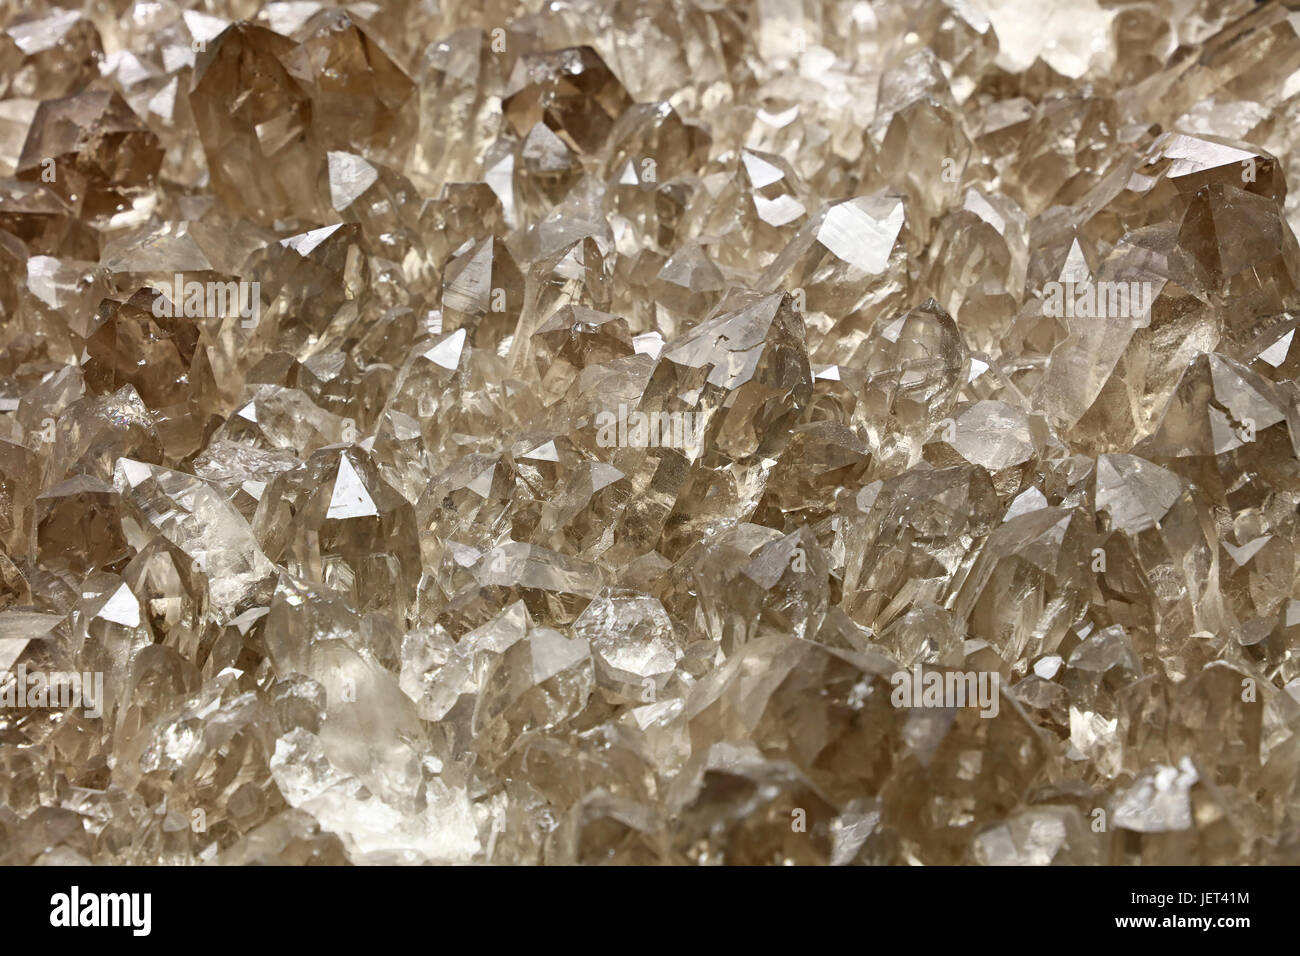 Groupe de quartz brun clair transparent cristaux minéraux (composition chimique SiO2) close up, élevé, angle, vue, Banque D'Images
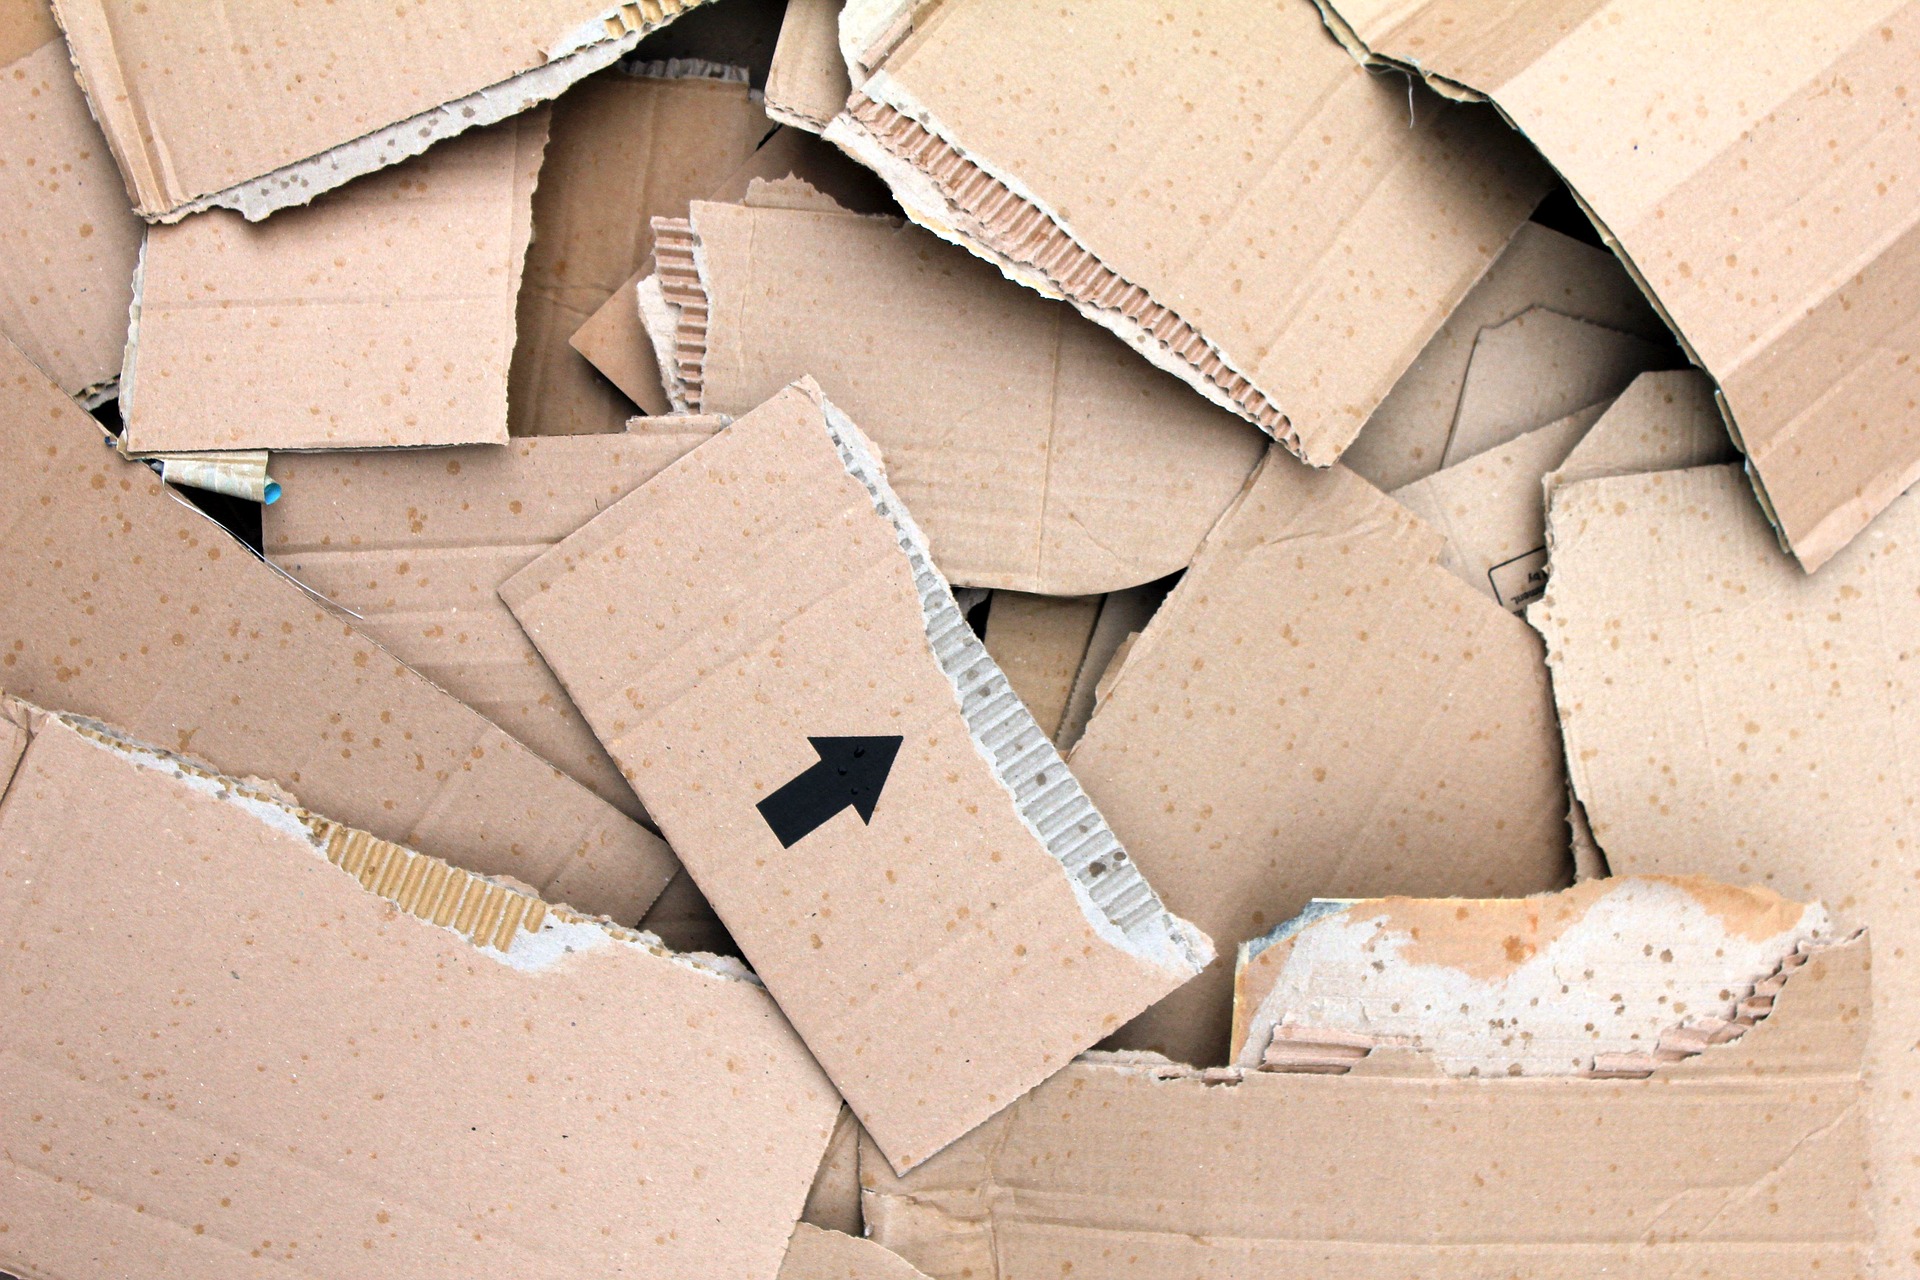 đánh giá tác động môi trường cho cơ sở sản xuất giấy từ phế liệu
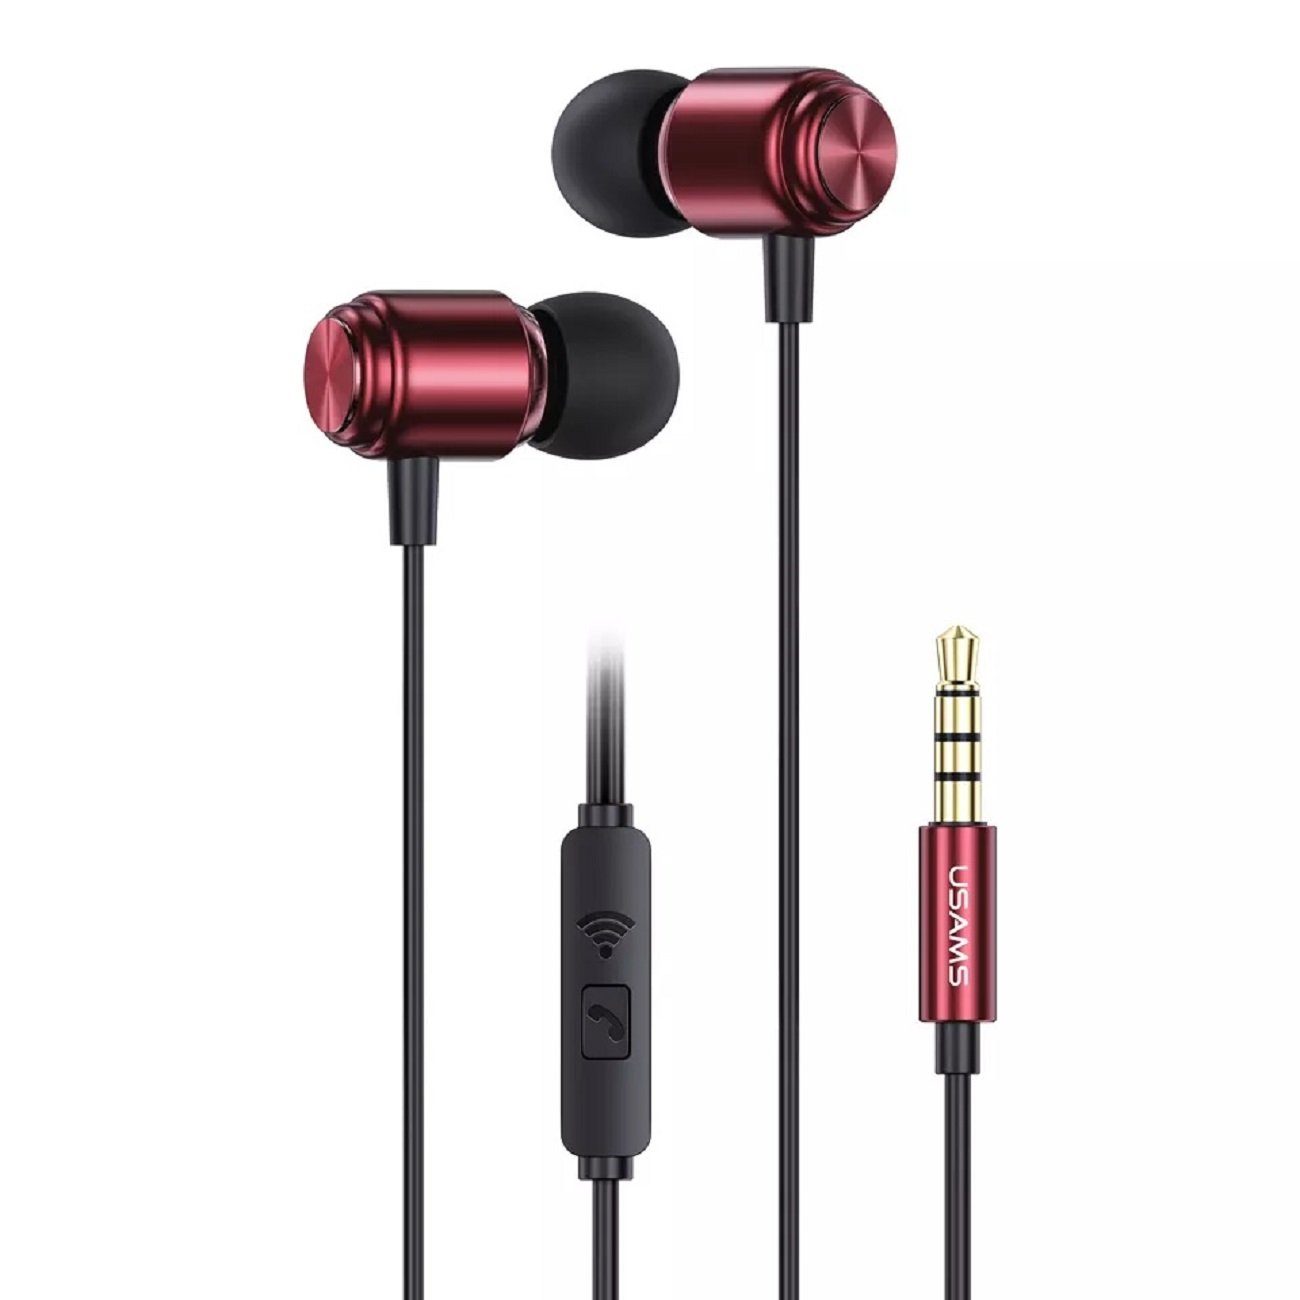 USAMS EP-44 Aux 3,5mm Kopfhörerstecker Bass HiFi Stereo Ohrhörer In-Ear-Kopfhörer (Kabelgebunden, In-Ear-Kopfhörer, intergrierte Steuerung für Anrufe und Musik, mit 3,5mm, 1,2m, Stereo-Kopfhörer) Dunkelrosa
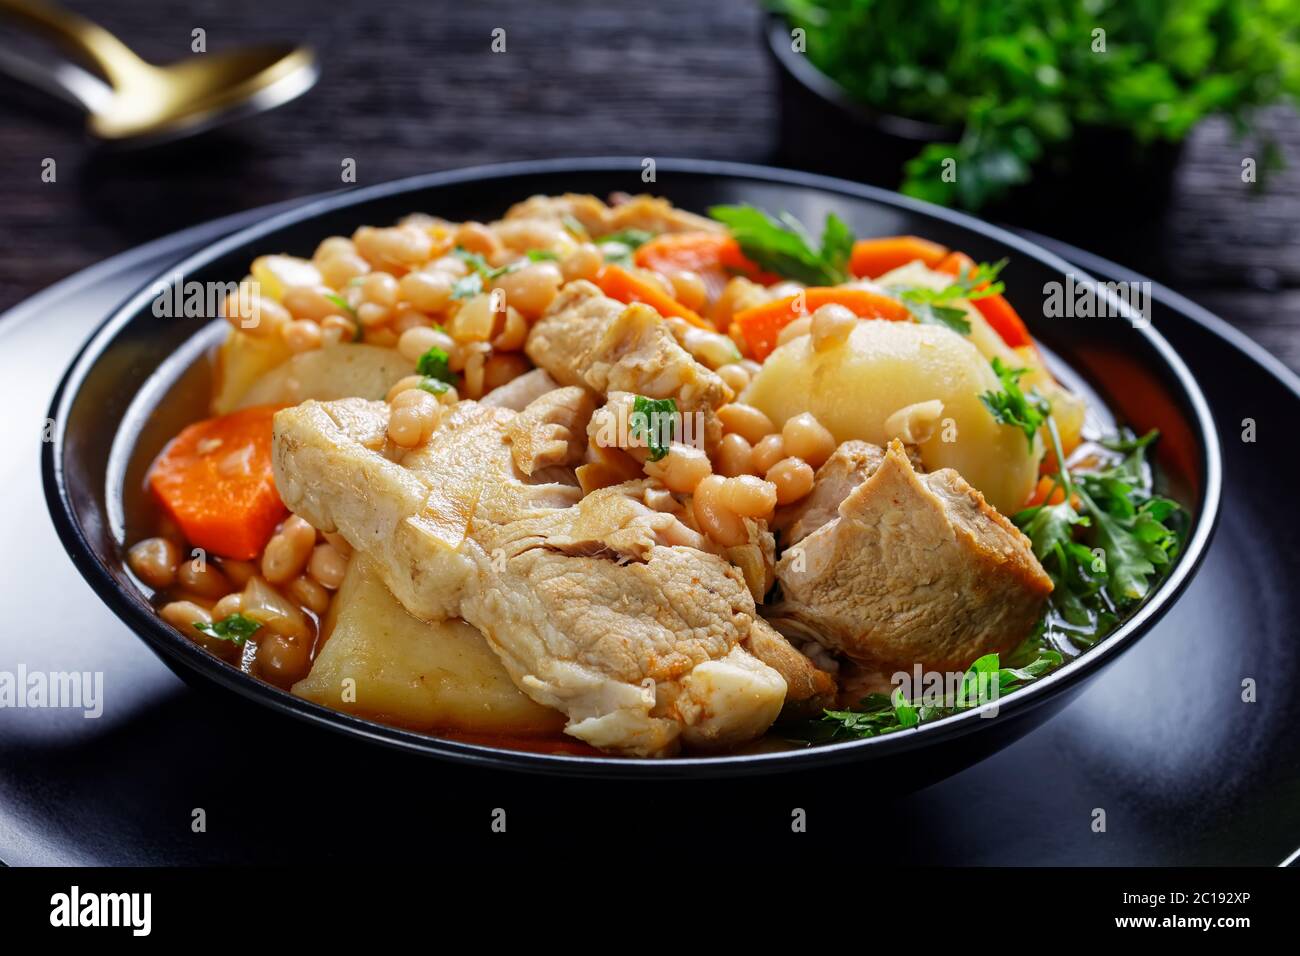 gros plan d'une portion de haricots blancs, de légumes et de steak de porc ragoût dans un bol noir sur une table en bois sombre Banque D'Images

> [TO DO]:
Retype each line above exactly. Leave the images out.

> [REPLY TO THE TASK]:
 Groupe de quartz brun clair transparent cristaux minéraux (composition chimique SiO2) close up, élevé, angle, vue, Banque D'Images
 đánh giá tác động môi trường cho cơ sở sản xuất giấy từ phế liệu
 USAMS EP-44 Aux 3,5mm Kopfhörerstecker Bass HiFi Stereo Ohrhörer In-Ear-Kopfhörer (Kabelgebunden, In-Ear-Kopfhörer, intergrierte Steuerung für Anrufe und Musik, mit 3,5mm, 1,2m, Stereo-Kopfhörer) Dunkelrosa
 gros plan d'une portion de haricots blancs, de légumes et de steak de porc ragoût dans un bol noir sur une table en bois sombre Banque D'Images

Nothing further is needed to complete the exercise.